To see what numbers are valid floats and doubles see Floating Point

Try running this code, the results will make the reason obvious.

#include <iomanip>
#include <iostream>

int main()
{
  std::cout << std::setprecision(100) << (double)1.1 << std::endl;
  std::cout << std::setprecision(100) << (float)1.1 << std::endl;
  std::cout << std::setprecision(100) << (double)((float)1.1) << std::endl;
}

The output:

1.100000000000000088817841970012523233890533447265625
1.10000002384185791015625
1.10000002384185791015625

Neither float nor double can represent 1.1 accurately. When you try to do the comparison the float number is implicitly upconverted to a double.
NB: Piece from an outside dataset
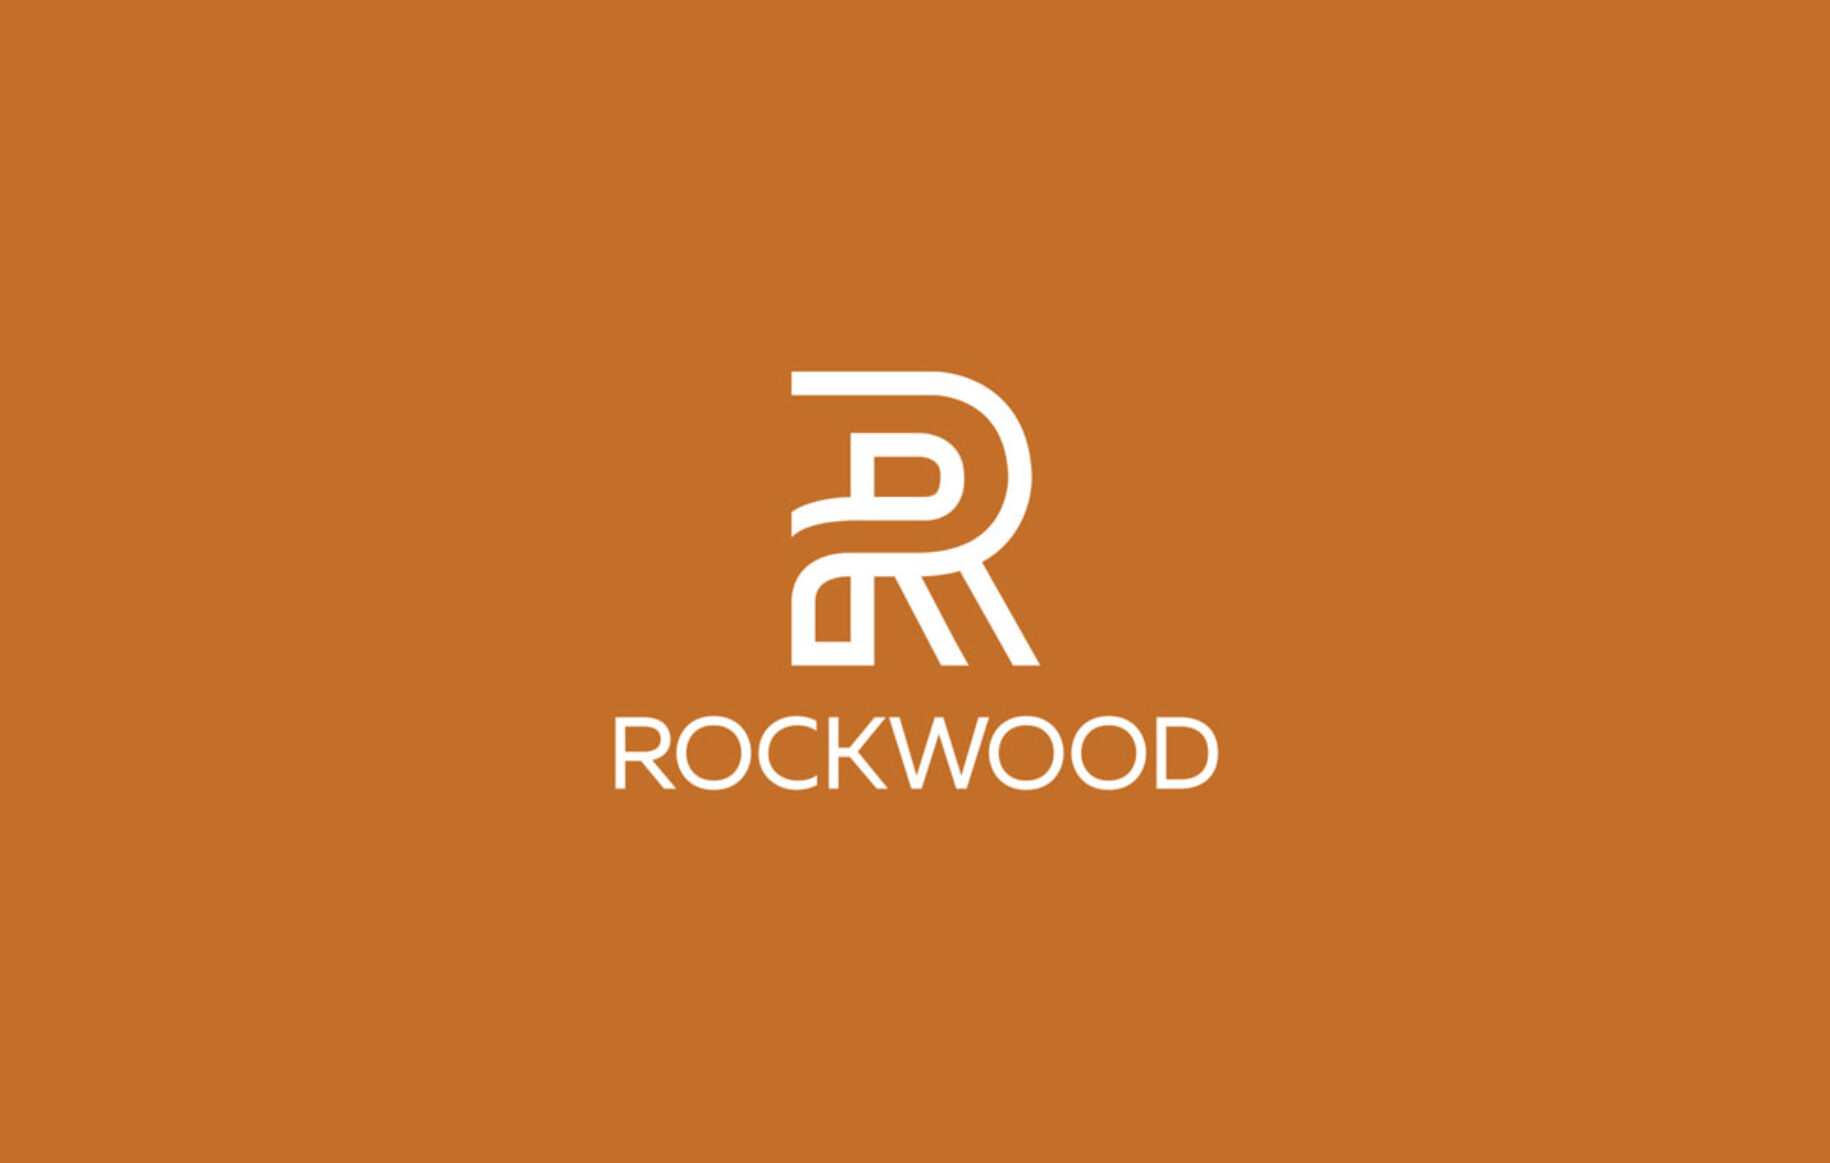 Rockwood logo in white

The double data type can accurately represent the contents of the float, so the comparison yields false.

Generally you shouldn't compare floats to floats, doubles to doubles, or floats to doubles using ==.

The best practice is to subtract them, and check if the absolute value of the difference is less than a small epsilon.

if(std::fabs(f - d) < std::numeric_limits<float>::epsilon())
{
    // ...
}

One reason is because floating point numbers are (more or less) binary fractions, and can only approximate many decimal numbers. Many decimal numbers must necessarily be converted to repeating binary "decimals", or irrational numbers. This will introduce a rounding error.

From wikipedia:

For instance, 1/5 cannot be represented exactly as a floating point number using a binary base but can be represented exactly using a decimal base.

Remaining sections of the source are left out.